While brand-lift surveys can gauge advertising impact, how do you attribute the success of your media mix when the goal was to force an opponent to reschedule events to a district or state he or she was already going to win?

Campbell also said political campaigns use digital to test messages for TV in a way brands don’t. “Smart campaigns will run video or messaging in the summer just to see what messages are strongest with the audiences they plan to hit on TV in the fall.”

Political campaigns get more value from measurement tools that refine the targeting and execution of a TV budget versus tools that assess digital ad performance.

For instance, a significant chunk of Tremor’s pre-convention ad budgets came from political campaigns using digital advertising audiences as focus groups.

“We would send out videos for specific issues – health care, wage equity, gender equality – and they’re just using that to see which audiences click on which videos to learn more, which is a proxy for issue advocacy,” Seebohm said. “They often wouldn’t even care about the viewability or completion rate.”

Almost any brand that spends as aggressively as a typical presidential campaign is going to put a portion of their budget toward test case development, like serving a PSA to a percentage of the targeted audience as a control group for attribution, said Seebohm.

But political buyers tend to place such highly refined, expensive bids (like women in a certain district, within a certain age range, who voted in the previous two party primaries) that they’re unwilling to sacrifice reach or carve out a budget for measurement.

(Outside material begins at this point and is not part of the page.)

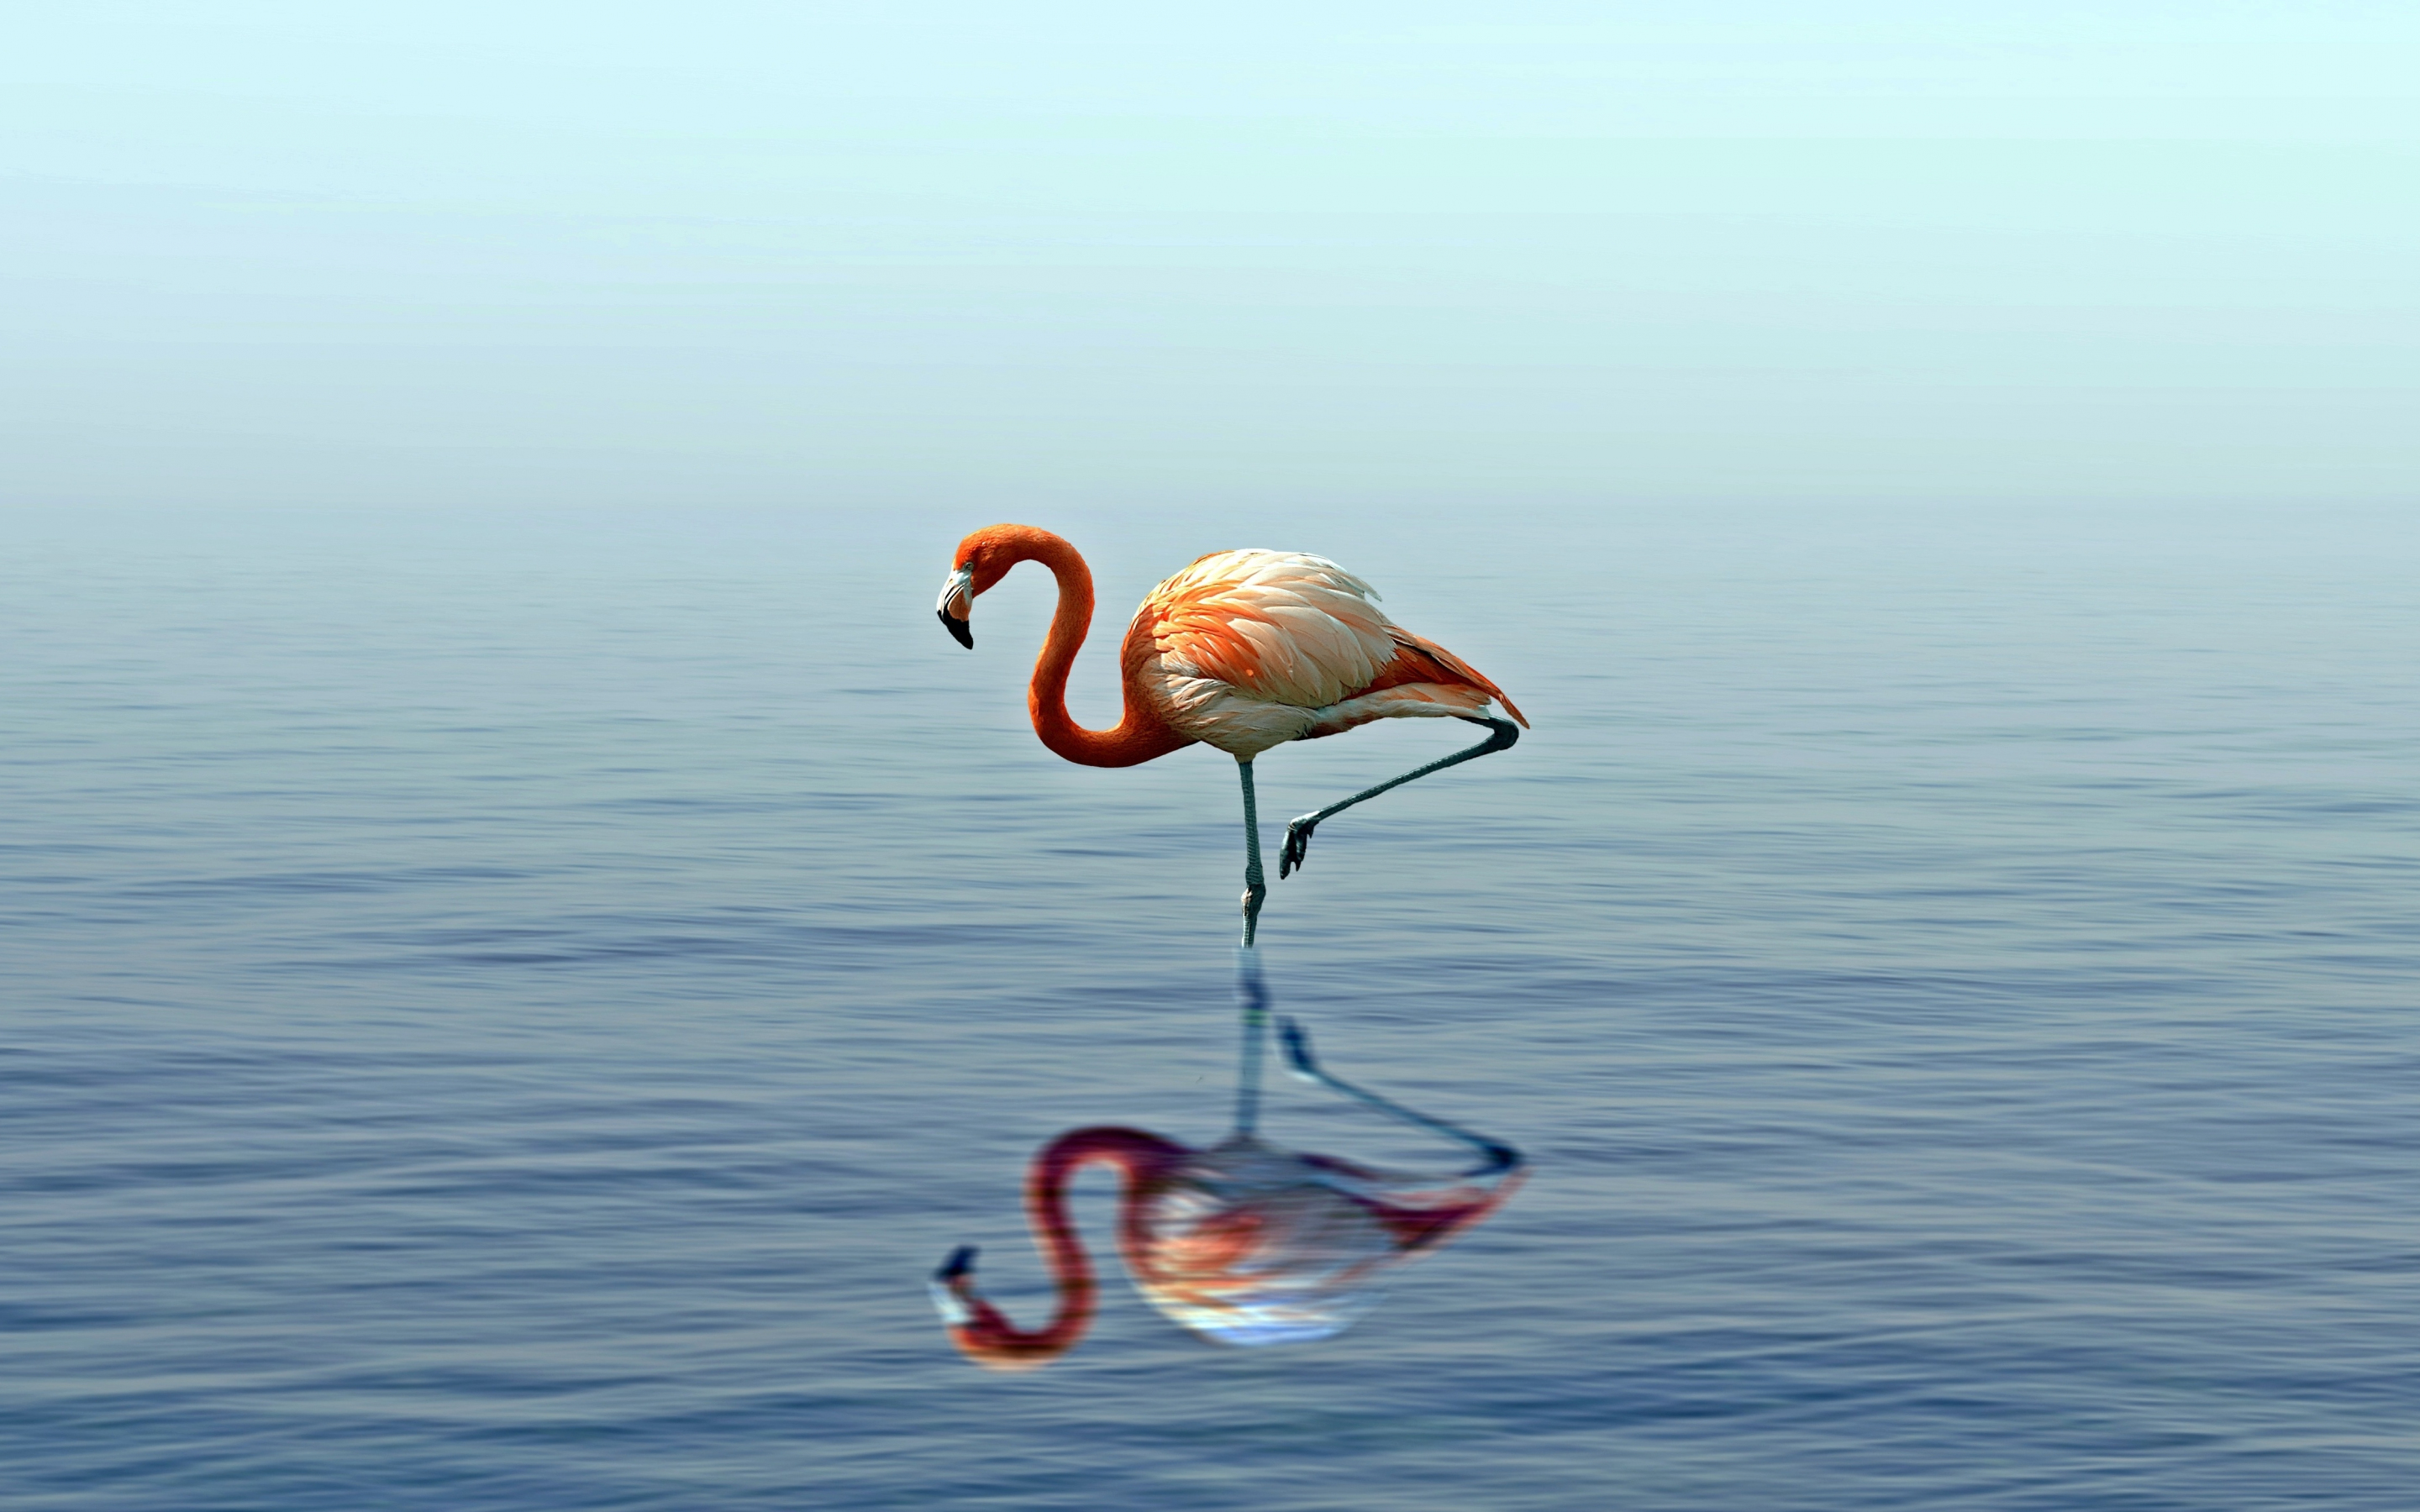 Flamingo, reflection, lake, 2880x1800 wallpaper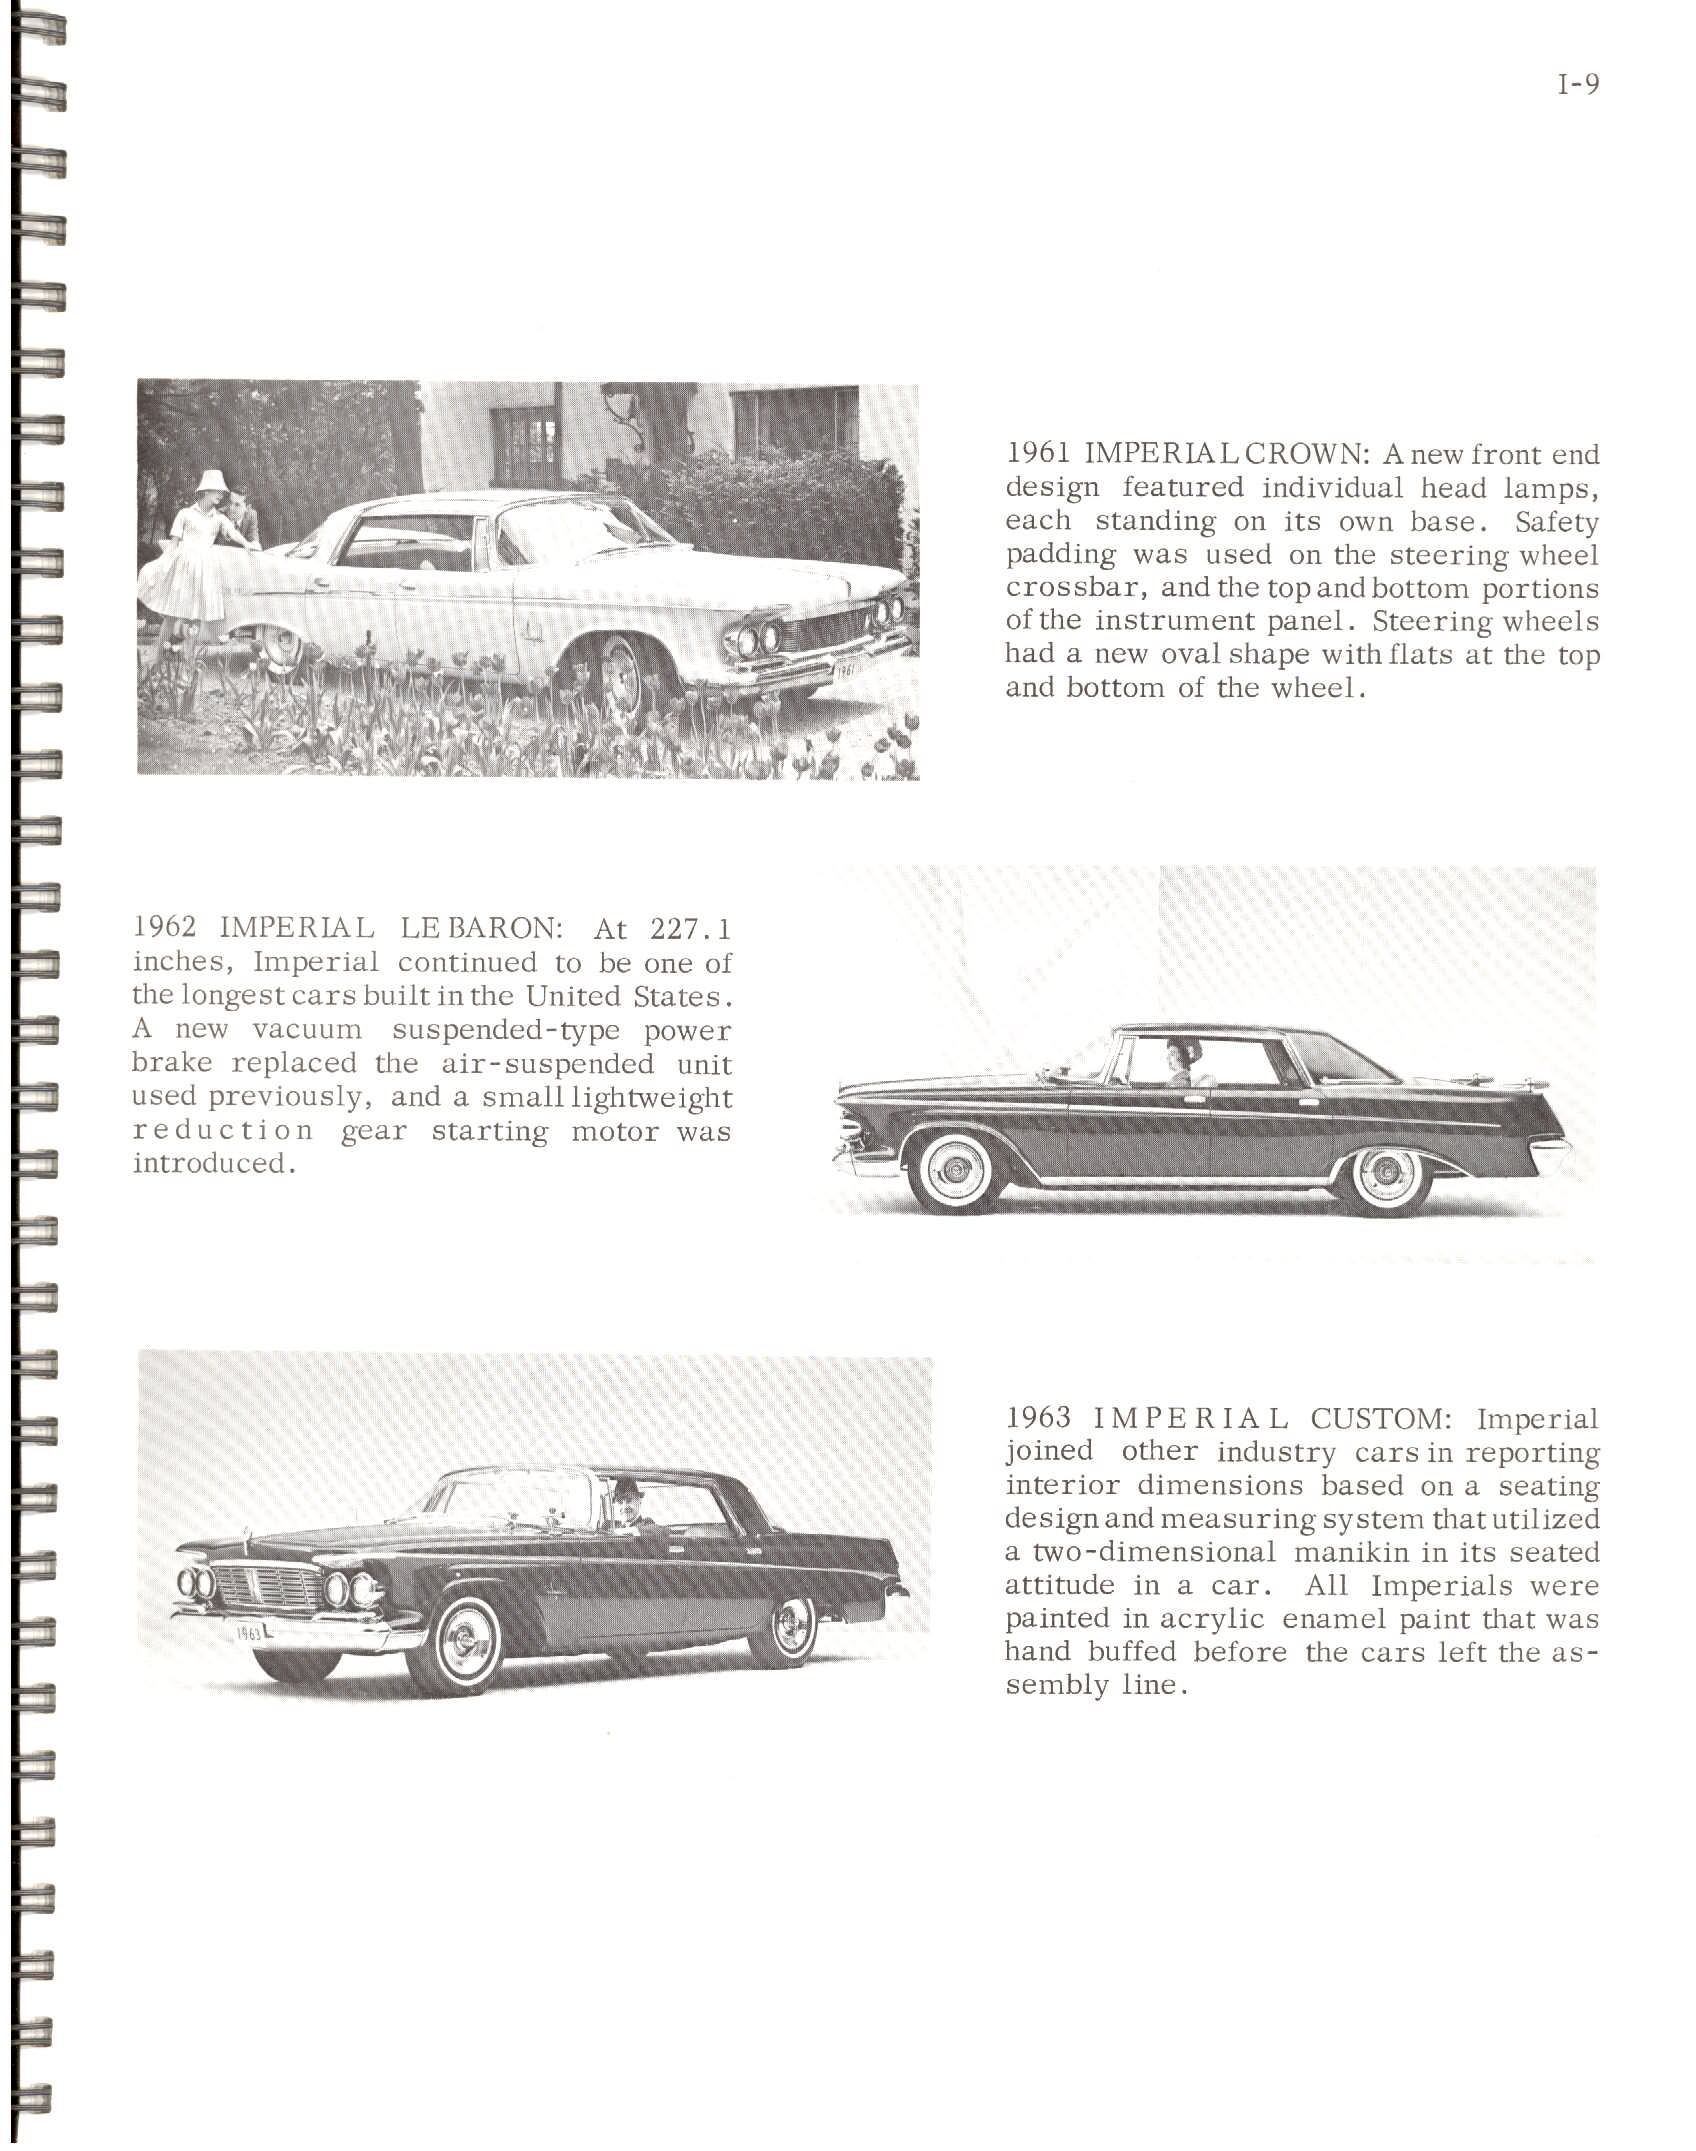 1966-History_Of_Chrysler_Cars-I09

The fruit fly life cycle of political tech is also a huge barrier to continuous attribution. Matt Oczkowski, chief digital officer for Scott Walker’s short-lived presidential campaign and now the head of product at conservative data firm Cambridge Analytica, referred to the software that has gone down with losing campaigns as “the graveyard of Republican IP technology.”

The phenomenon isn’t unique to the right. Eli Kaplan, co-founder of the progressive ad agency Rising Tide Interactive, previously told AdExchanger, “A lot of the things built during the Obama campaign never lived past the campaign. … And now there are groups of people trying to bring that software back, because some sort of disappeared.”

A digital advertising or tech vendor can be brought in mid-swing for a campaign, with very little lead-time, and is judged alongside the candidate on Election Day, said Campbell.

Mercenary forces don’t get attributed partial success for overall failure: They win or they lose.

“I wouldn’t call it attribution,” said Campbell. “It’s more just expectation.”